From the material below, please set down exactly the lines starting with the one with "Militärboot - Image 3 of 3" and going on through the one with "Pantaloni Uomo Tasca", without a single picture.

▶ [Recorded data]:
● ● ● ● ● ● ●

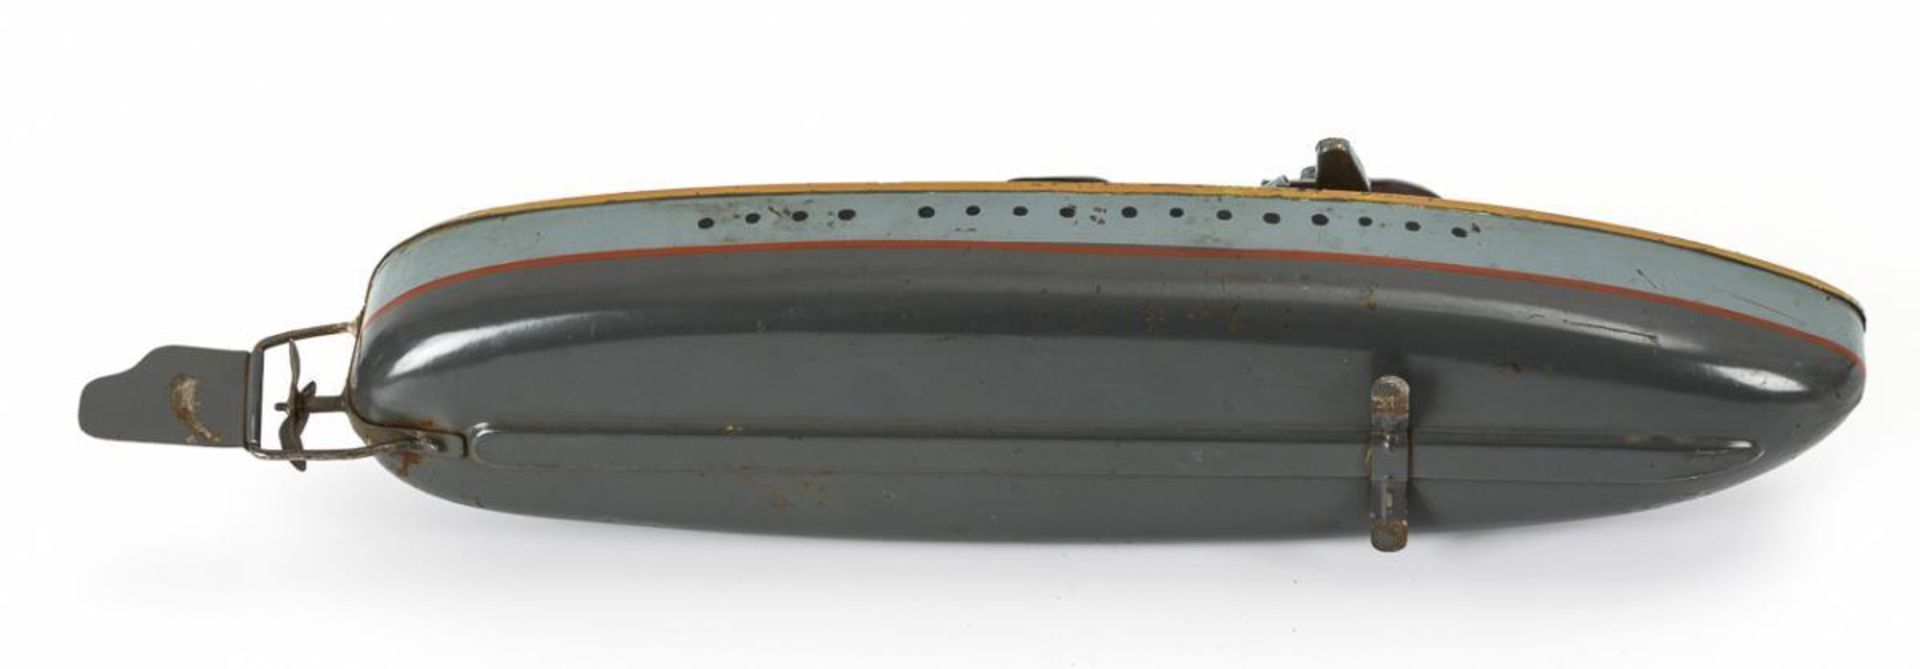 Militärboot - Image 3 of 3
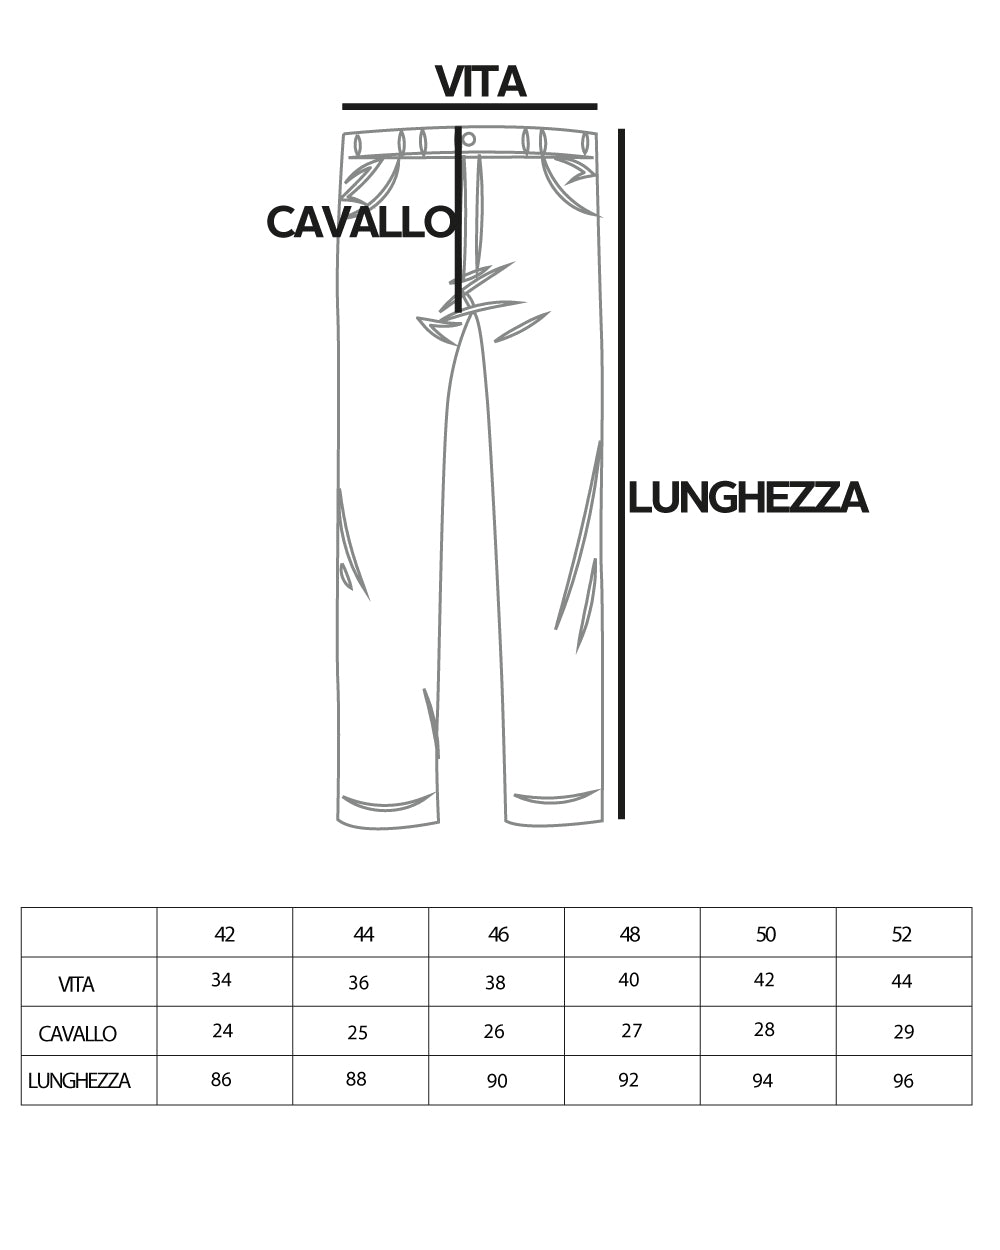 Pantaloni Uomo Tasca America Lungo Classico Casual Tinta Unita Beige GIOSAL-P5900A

● ● ● ● ● ● ●

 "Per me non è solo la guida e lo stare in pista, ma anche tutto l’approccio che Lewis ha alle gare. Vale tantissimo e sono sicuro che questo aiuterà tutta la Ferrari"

● ● ● ● ● ● ●

▶ [Result of the task]:
 Militärboot - Image 3 of 3
 Pantaloni Uomo Tasca America Lungo Classico Casual Tinta Unita Beige GIOSAL-P5900A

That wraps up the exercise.